Statistical analysis

All data, which were repeats of at least three independent experiments, are presented as the mean ± standard deviation. Differences between two groups were compared using an unpaired Student's t-test and three or more groups were compared by one-way ANOVA followed by an appropriate post hoc test, including the Bonferroni test for cell viability and migration, and the least significant difference post hoc test for pairwise comparisons of gene expression. All statistical analyses were performed with SPSS 15.0 software (IBM SPSS Statistics).

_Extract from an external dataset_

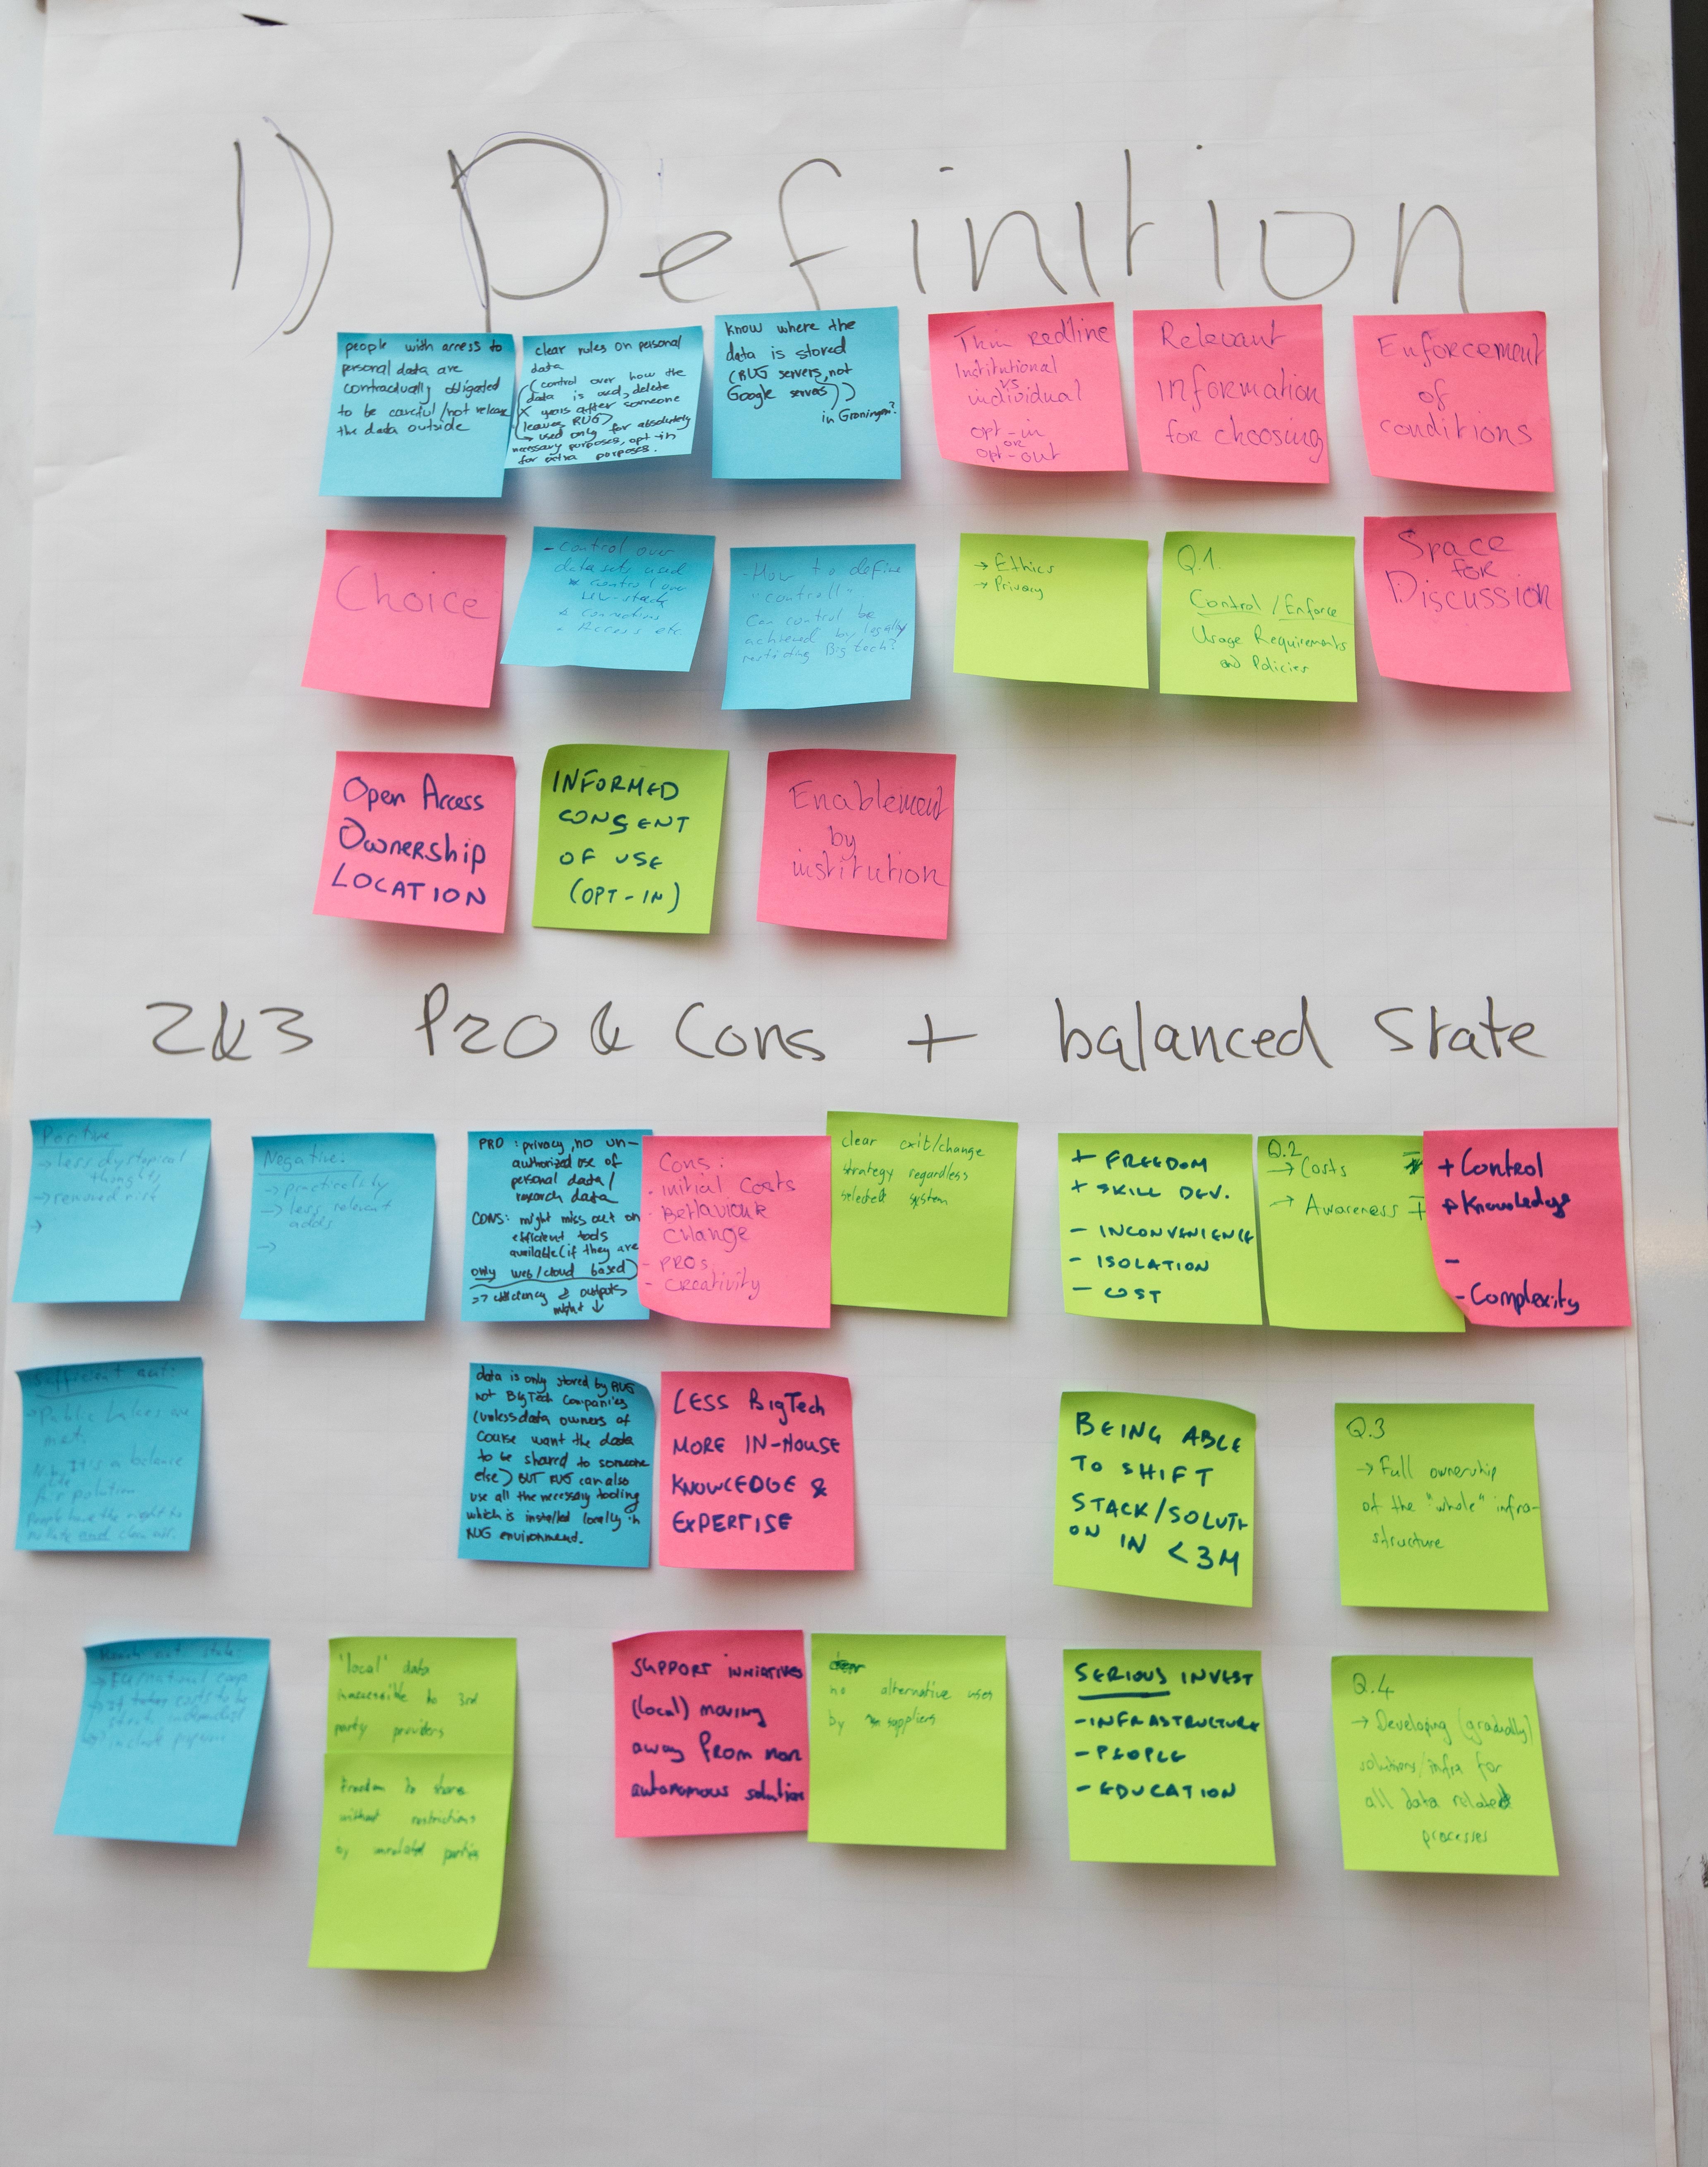 Picture of the outcome of the Let's talk Data Autonomy Event
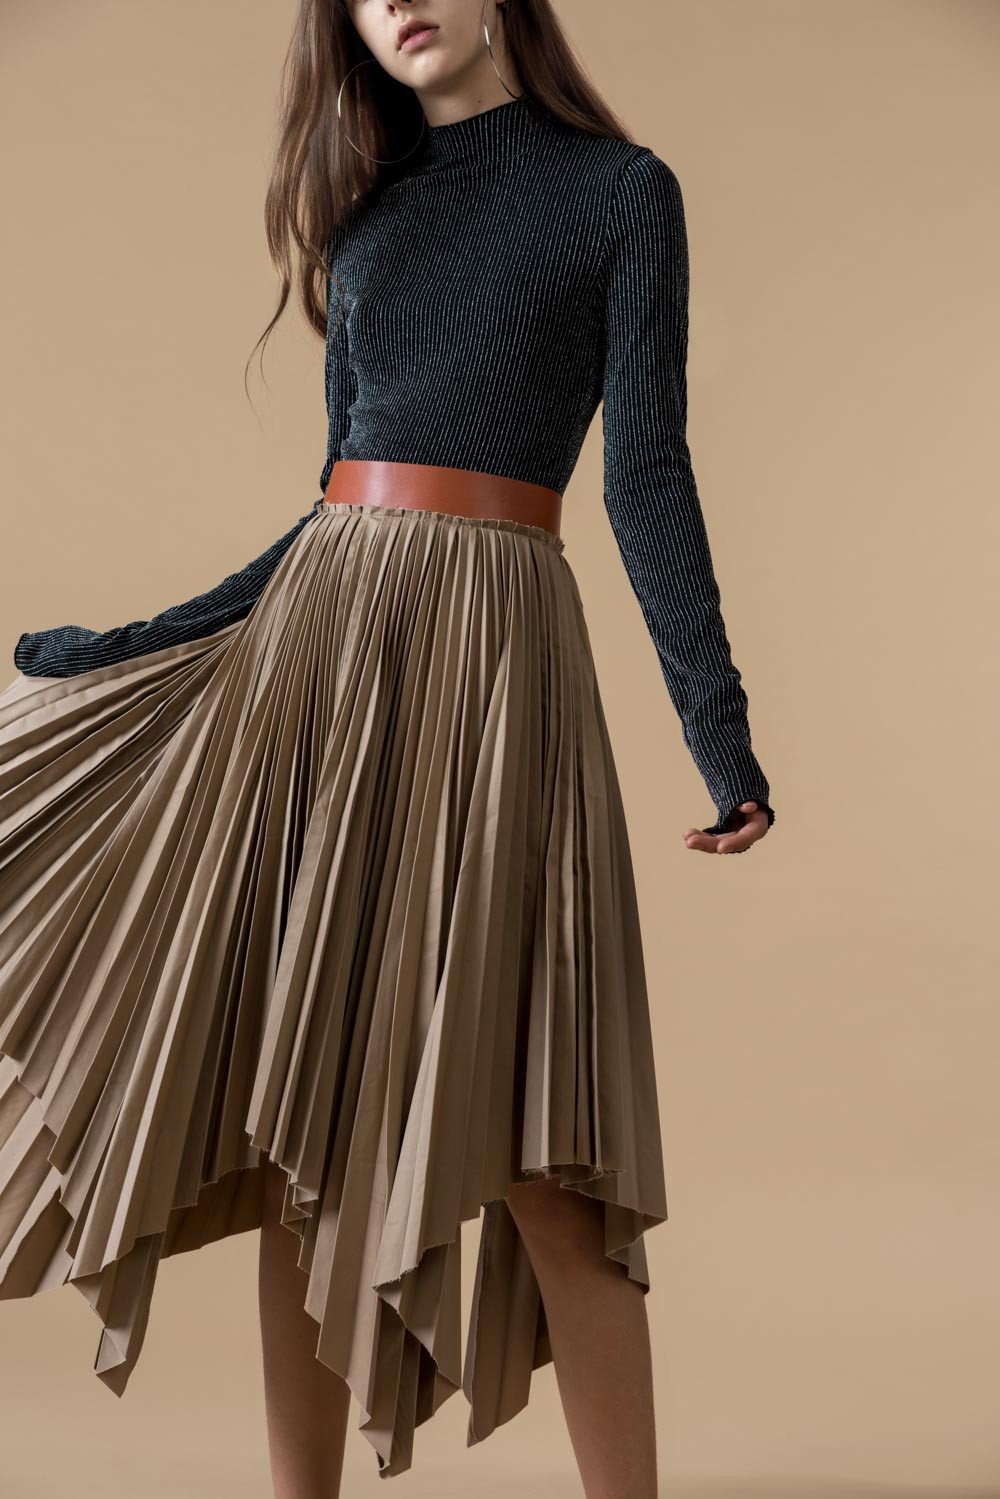 belted pleated skirt oeuzfwn

P<0.05 was considered to indicate a statistically significant difference.

Results

Changes in Hs68 cell characteristics in the presence of CAP

When the viability of Hs68 human foreskin fibroblasts treated with different concentrations of CAP (0, 10, 30, 100 µM) were compared, there was a non-significant difference in the viability of cells treated with 10 µM CAP vs. 0 µM CAP (Fig. 1A). However, Hs68 cells exhibited a statistically significant decrease in viability (0 µM CAP vs. 100 µM CAP and 10 µM CAP vs. 100 µM CAP; both P<0.01) upon increasing the concentration of CAP to 100 µM (Fig. 1A). When Hs68 cells were treated with mitomycin C (10 µg/ml) to repress cell proliferation and TNF-α (10 ng/ml) to impair cell migration (36,37), 10 µM CAP effectively restored the migratory ability of Hs68 cells in the cell migration assay (Fig. 1B and C). In addition, 10 µM CAP decreased the mRNA levels of IL-6 in TNF-α-treated Hs68 cells from 122.0-fold to 35.5-fold, relative to the untreated control cells (Fig. 1D). This indicated that 10 µM CAP could change the inflammation status associated with the process of wound healing.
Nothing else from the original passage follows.